Some neighbourhood schools are smaller and more homely, maybe more personal attention but will have less choice. Then you get the experimental schools, often in the hills.
The schools in Taipei city all have aircon , many have swimming pools. Schools in New Taipei city usually don’t (they surely will have within a few years). Educational apartheid is alive and well.
The students are referred to by their numbers by some teachers which I don’t like.
Schools have basic lunches provided that you pay every semester for…Kids could bring lunches if they like too.
Recess activities are starting to get more restrictive in terms of letting them them run around or what kind of playground equipment there is as lawsuit vulture takes hold here. Although the variation between schools is enormous in terms of their recreational equipment. Also with so many students running around in guess potential for accidents is higher. The schools often have some kind of nurse(s) to patch kids up and do an assessment of sick kids.

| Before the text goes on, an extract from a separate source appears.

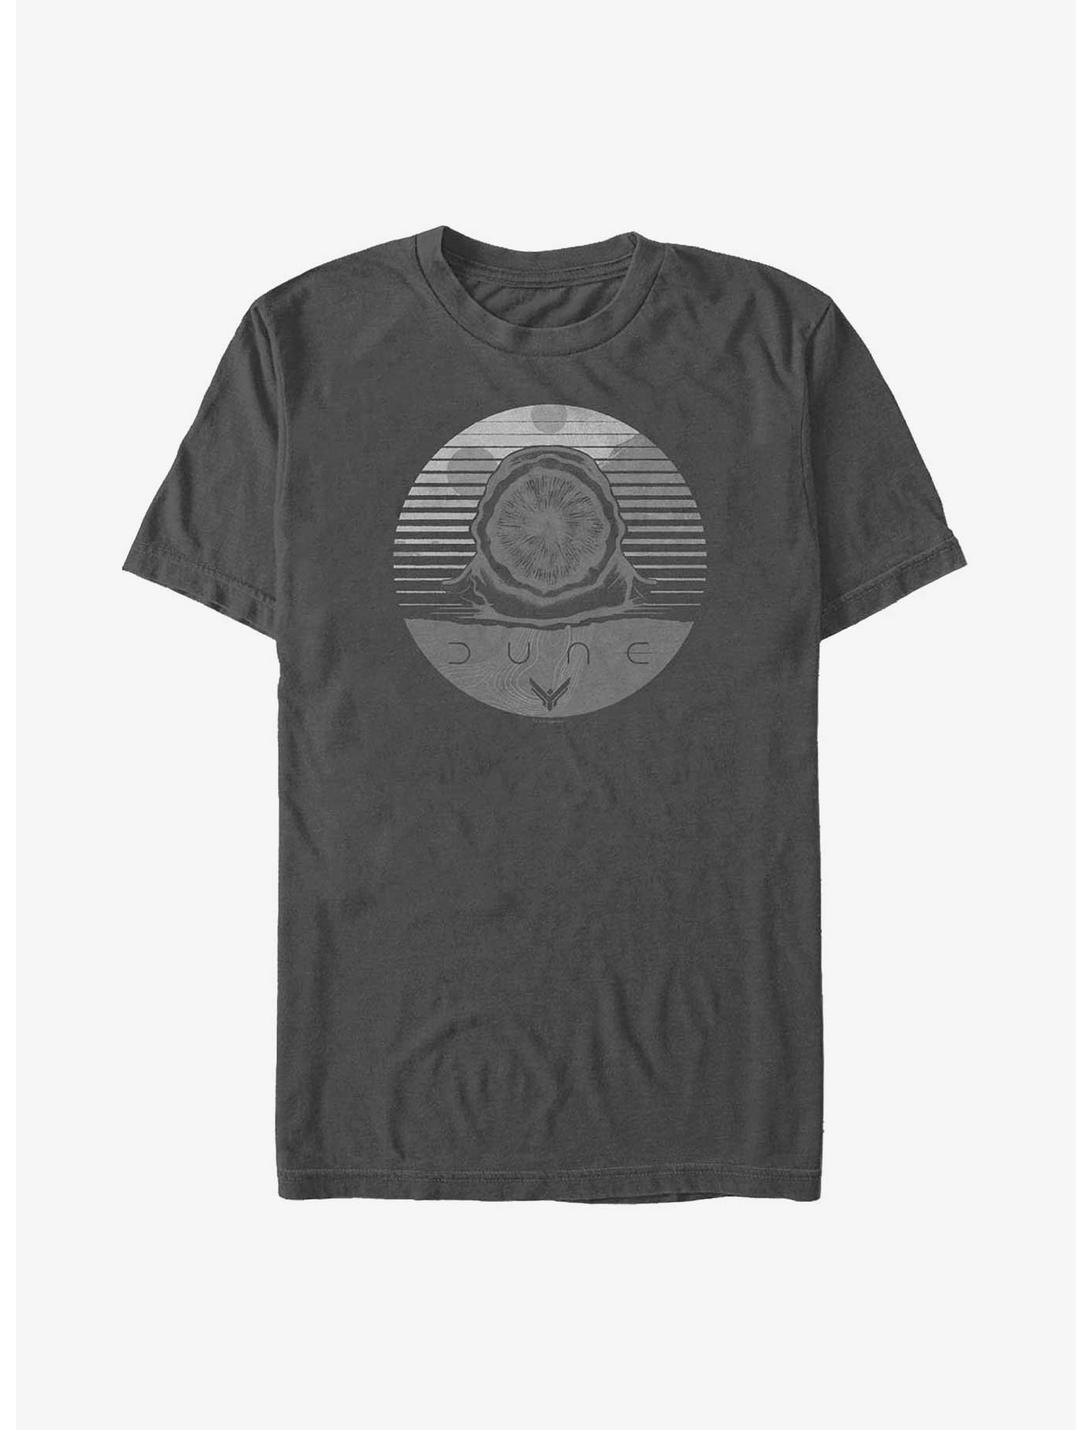 Dune Arrakis Stamp T-Shirt, CHARCOAL, hi-res

Common diseases are the vomiting bug and flus but they’ll inform the class if kids start coming down with something.
The PE classes and mainstream classes for most subjects in public schools , outside of Maths and Chinese , are just cover the basics stuff, if you want your kids to do well you will have to enroll them in the after school classes in the many cram schools or community centers and churches here. Or you encourage their interest and education with lots of reading at home . There are tonnes and tonnes of choices for after school activities in Taiwan.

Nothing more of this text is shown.